With the extreme weather concerns, this is also good news. It can show the weather folks where to look and what to look for, giving higher quality advanced warning.

mark heyer
March 18, 2010 5:35 am

This study ties in to the thermostat hypothesis http://wattsupwiththat.com/2009/06/14/the-thermostat-hypothesis/. One question – have any quantitative studies been done on the energy conversion of thunderstorms? If so, it should be possible to do an energy budget for urban heat islands and estimate the feedback effect.
As a resident of Panama, we live smack in the middle of the tropical convergence zone. Although weather records are scarce (no government weather service to speak of), locals tell us that there is much more precip now than in the past, including as this year, in the “dry” season. 2008 brought 310 inches to our mountain community located right at the continental divide.

Syl
March 18, 2010 6:58 am

I live in the I95 corridor in Virginia, just a couple miles west of the Richmond city limits. When I’m watching radars often I see storms coming from the West. Downsloping often makes them fade from view just to the west of the corridor a bit south of me, a few frames later just to the east of the actual line for I95 they pop up again.
Really weird because it looks like the storms went underground then popped up through a hole by the side of the highway. I blame the trucks. 😉

Tony
March 18, 2010 7:05 am

That is an interesting image of a thunderstorm. As an airline pilot flying in the tropical Asia, I see many many thunderstorms and our weather radars typically paint a completely different image to the one presented above. Especially when the precipitation is heavy our radars often suffer severe attenuation. It would be interesting to know how that image was actually formed.
However, I have noticed how convective activity does tend to be present around the cities. Not so good for the airplanes wanting to arrive and depart said cities! But it has to be remembered that TS requires an unstable atmosphere, generally meaning that they will form, it is just a matter of where the first suitable trigger is that the unstable air comes across first. High ground, city or simply relatively hotter terrain compared to the sea.
I can’t imagine that UHI will cause more TS, but may affect where TS will form depending primarily on the 2000′ wind direction. Outside of the tropics, I would imagine frontal weather would be the most common trigger. UHI would be way down the list.

Svart
March 18, 2010 7:12 am

I live in Atlanta. Each thunderstorm season (as we call spring and summer around here), I watch Wunderground’s NexRad products with the glee of a child waiting for the next thunderstorm to roll in. I’m somewhat of an amateur severe storm buff you could say.
I’ve also noticed on many occasions that lines of storms will break around the city perimeter as well as intensify.
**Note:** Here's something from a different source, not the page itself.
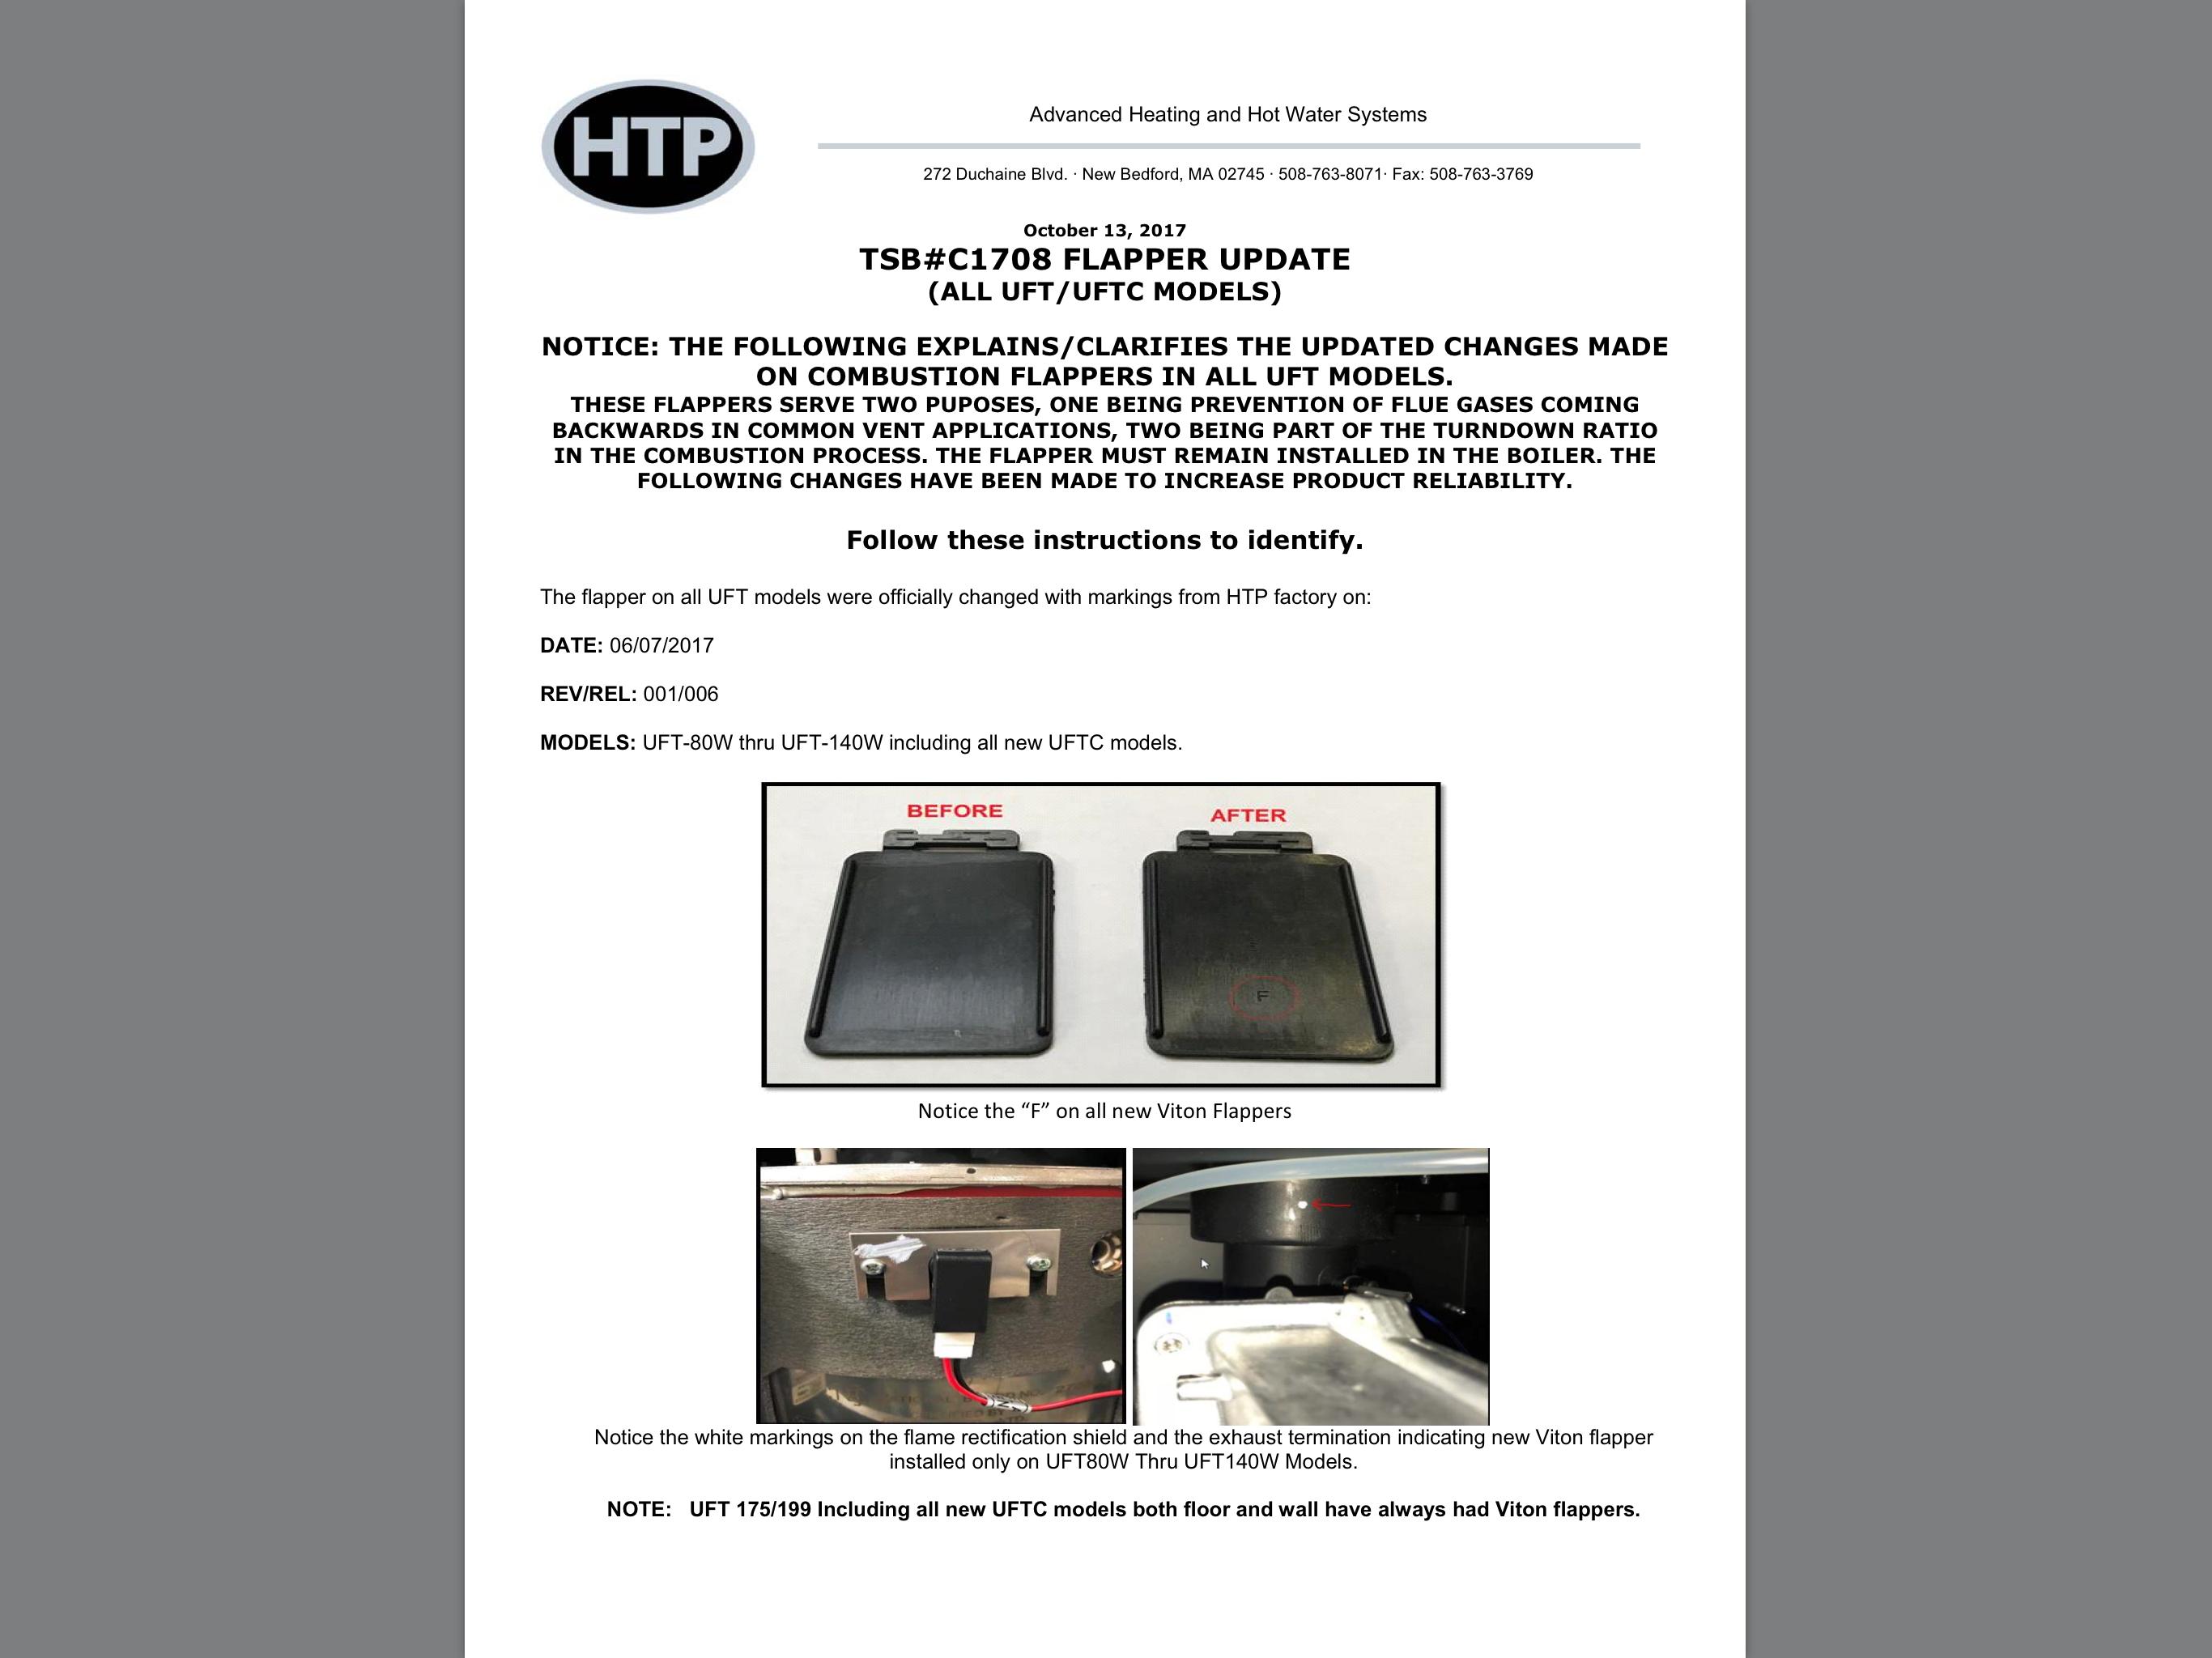 Emerson Manual K4 Electric Rice Cooker Wiring Diagram Http Wwwtheietorg Forums Forum Array Htp Uft Problem U2014 Heating Help The Wall Rh Heatinghelp Com

Many times I’ve watched severe lines that tracked for hundreds of miles simply fall apart around the city and then re-intensify when they’ve gone by.
So yes, the heat island is there, although I don’t think we can say that it will intensify each storm that rolls through. I’d wager to guess that it’s probably about half.

AntiLieGuy
March 18, 2010 7:34 am

[snip]
No chemtrails posts, please. ~dbs, mod.